Second Countability of Finite Topological Products

# Second Countability of Finite Topological Products

Recall from the First Countability of Finite Topological Products page that if $\{ X_1, X_2, ..., X_n \}$ is a finite collection of first countable topological spaces then the topological product $\displaystyle{\prod_{i=1}^{n} X_i}$ is also first countable.

Suppose that $\{ X_1, X_2, ..., X_n \}$ is a finite collection of second countable topological spaces. In the following theorem we will similarly show that the topological product $\displaystyle{\prod_{i=1}^{n} X_i}$ inherits the second countable property.

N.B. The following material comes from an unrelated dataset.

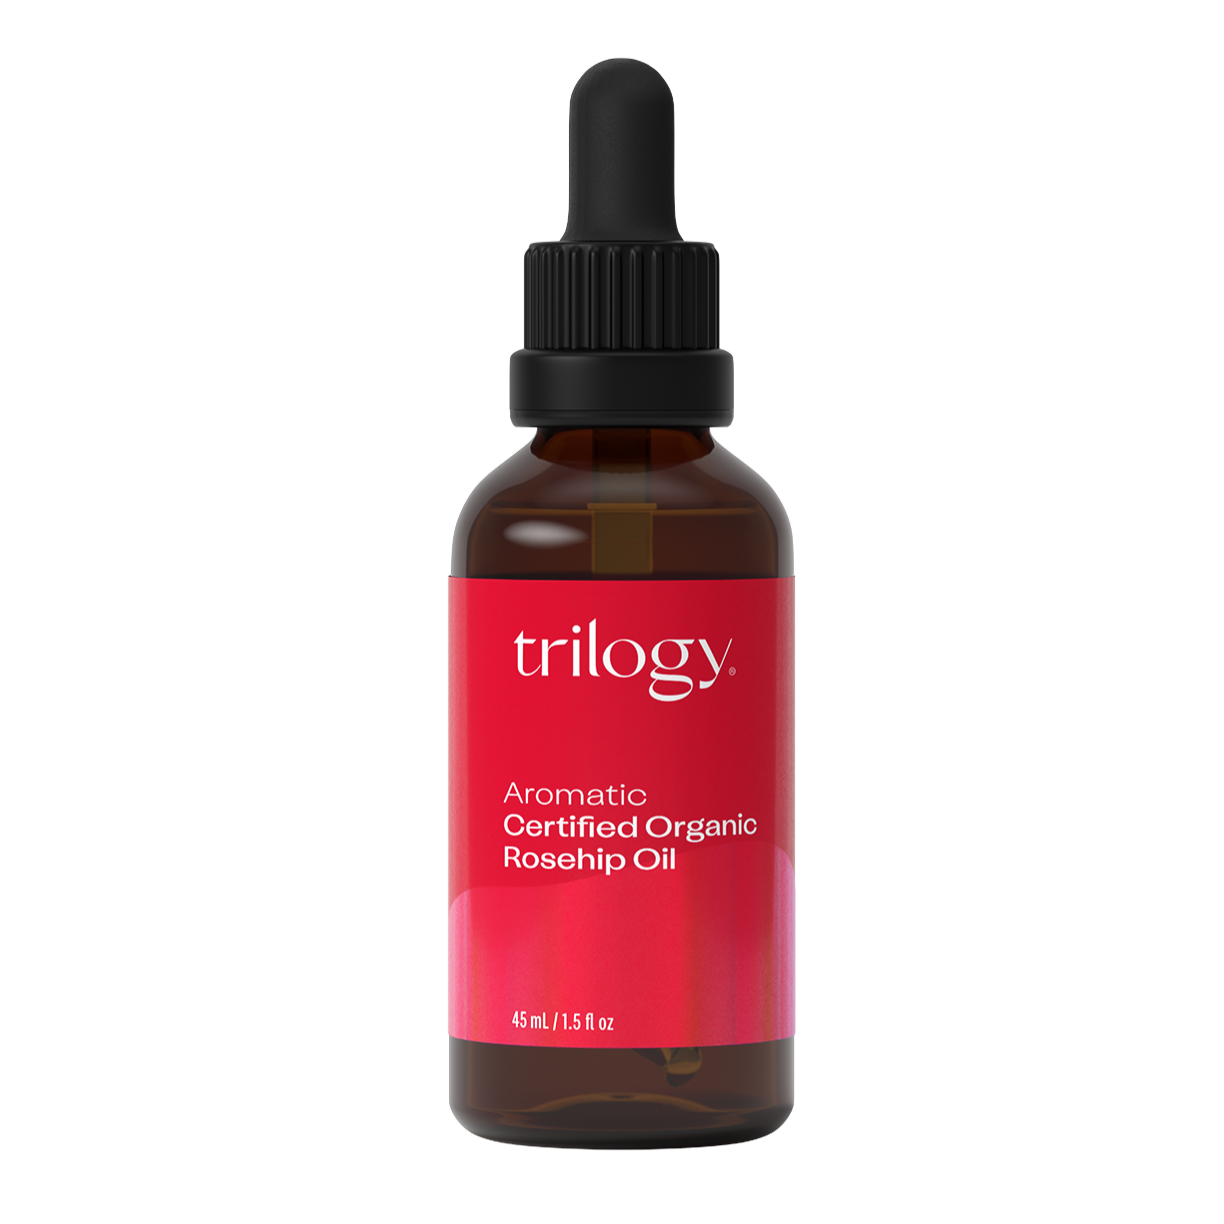 TRILOGY Aromatic Certified Organic Rosehip Oil (45ml)

Theorem 1: Let $\{ X_1, X_2, …, X_n \}$ be a finite collection of topological spaces. If $X_i$ is second countable for each $i \in I$ then the topological product $\displaystyle{\prod_{i=1}^{n} X_i}$ is also second countable. |

**Proof:**Let $\{ X_1, X_2, …, X_n \}$ be a finite collection of second countable topological spaces. We will show that $\displaystyle{\prod_{i=1}^{n} X_i}$ is also a second countable topological space by showing that there exists a countable basis for the product topology.

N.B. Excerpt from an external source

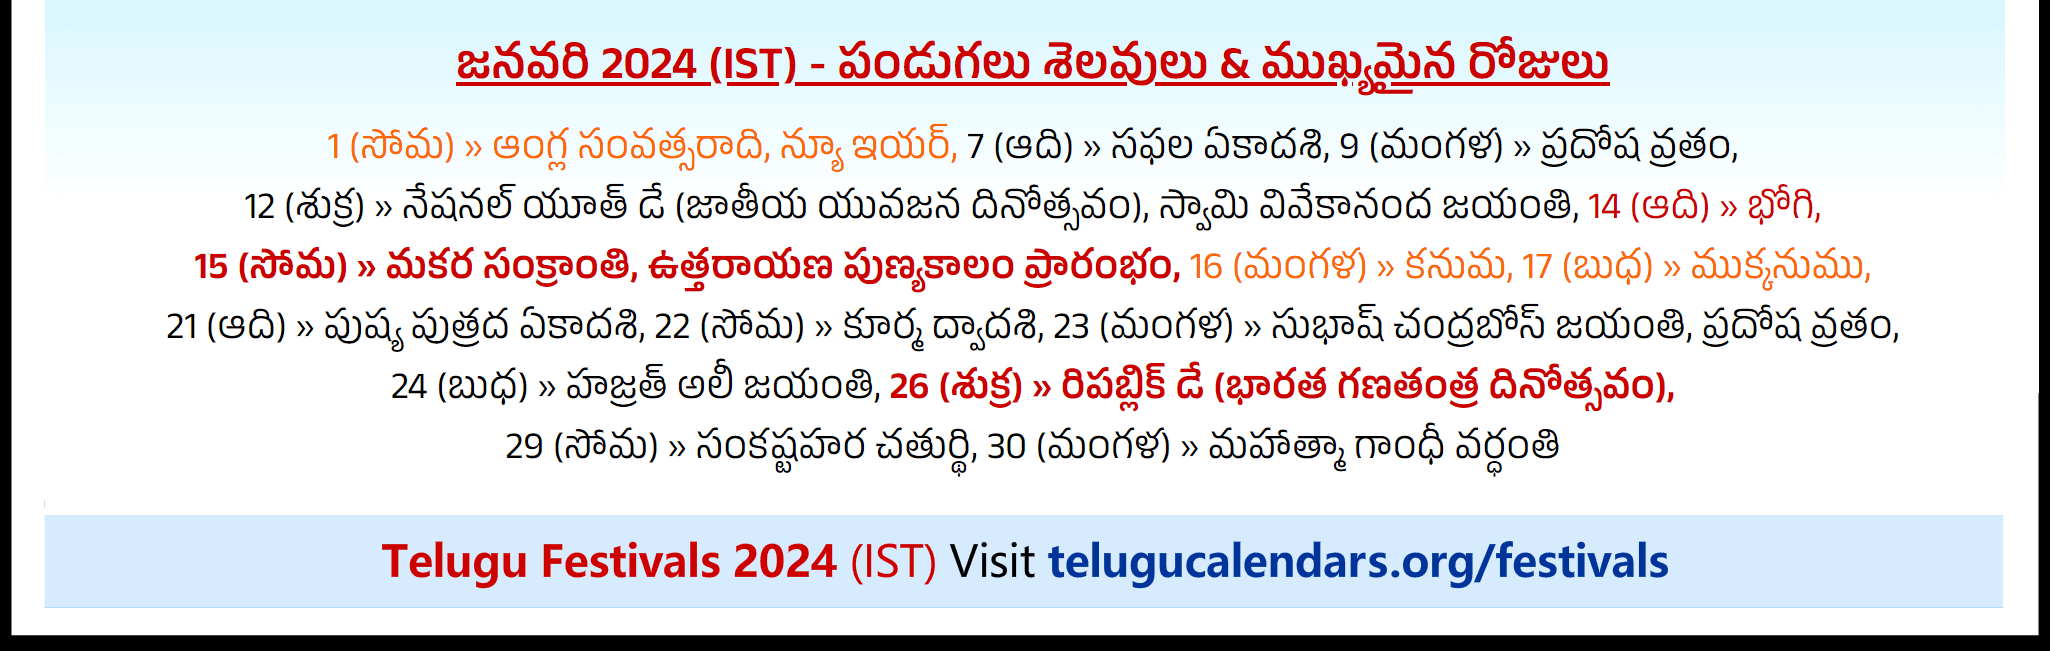 Telugu Festivals 2024 January Toronto

- Since each $X_i$ is second countable we have that the topology $\tau_i$ for each $i \in I$ has a countable basis, call it $\mathcal B_i$. Let $\mathcal B$ be the Cartesian product of all of these countable bases:

\begin{align} \quad \mathcal B = \prod_{i=1}^{n} \mathcal B_i \end{align}

- We claim that $\mathcal B$ is a countable basis of the product topology. Clearly it is countable since it is a finite product of countable sets.

- To show that this set is a basis of the product topology, let $\displaystyle{U \subset \prod_{i=1}^{n} X_i}$ be an open set in the product topology. Then $U = U_1 \times U_2 \times … \times U_n$ where $U_i$ is open in $X_i$ for each $i \in I$. So there exists a basis element $B_i \in \mathcal B_i$ such that $B_i \subseteq U_i$. Furthermore:

\begin{align} \quad \prod_{i=1}^{n} B_i \subseteq \prod_{i=1}^{n} U_i = U \end{align}

- So for every open set $U$ in the topological product $\displaystyle{\prod_{i=1}^{n} X_i}$ there exists an open set $\displaystyle{\prod_{i=1}^{n} B_i} \in \mathcal B$ such that $\displaystyle{\prod_{i=1}^{n} B_i} \subseteq U$. This shows that $\displaystyle{\prod_{i=1}^{n} X_i}$ is a second countable topological space. $\blacksquare$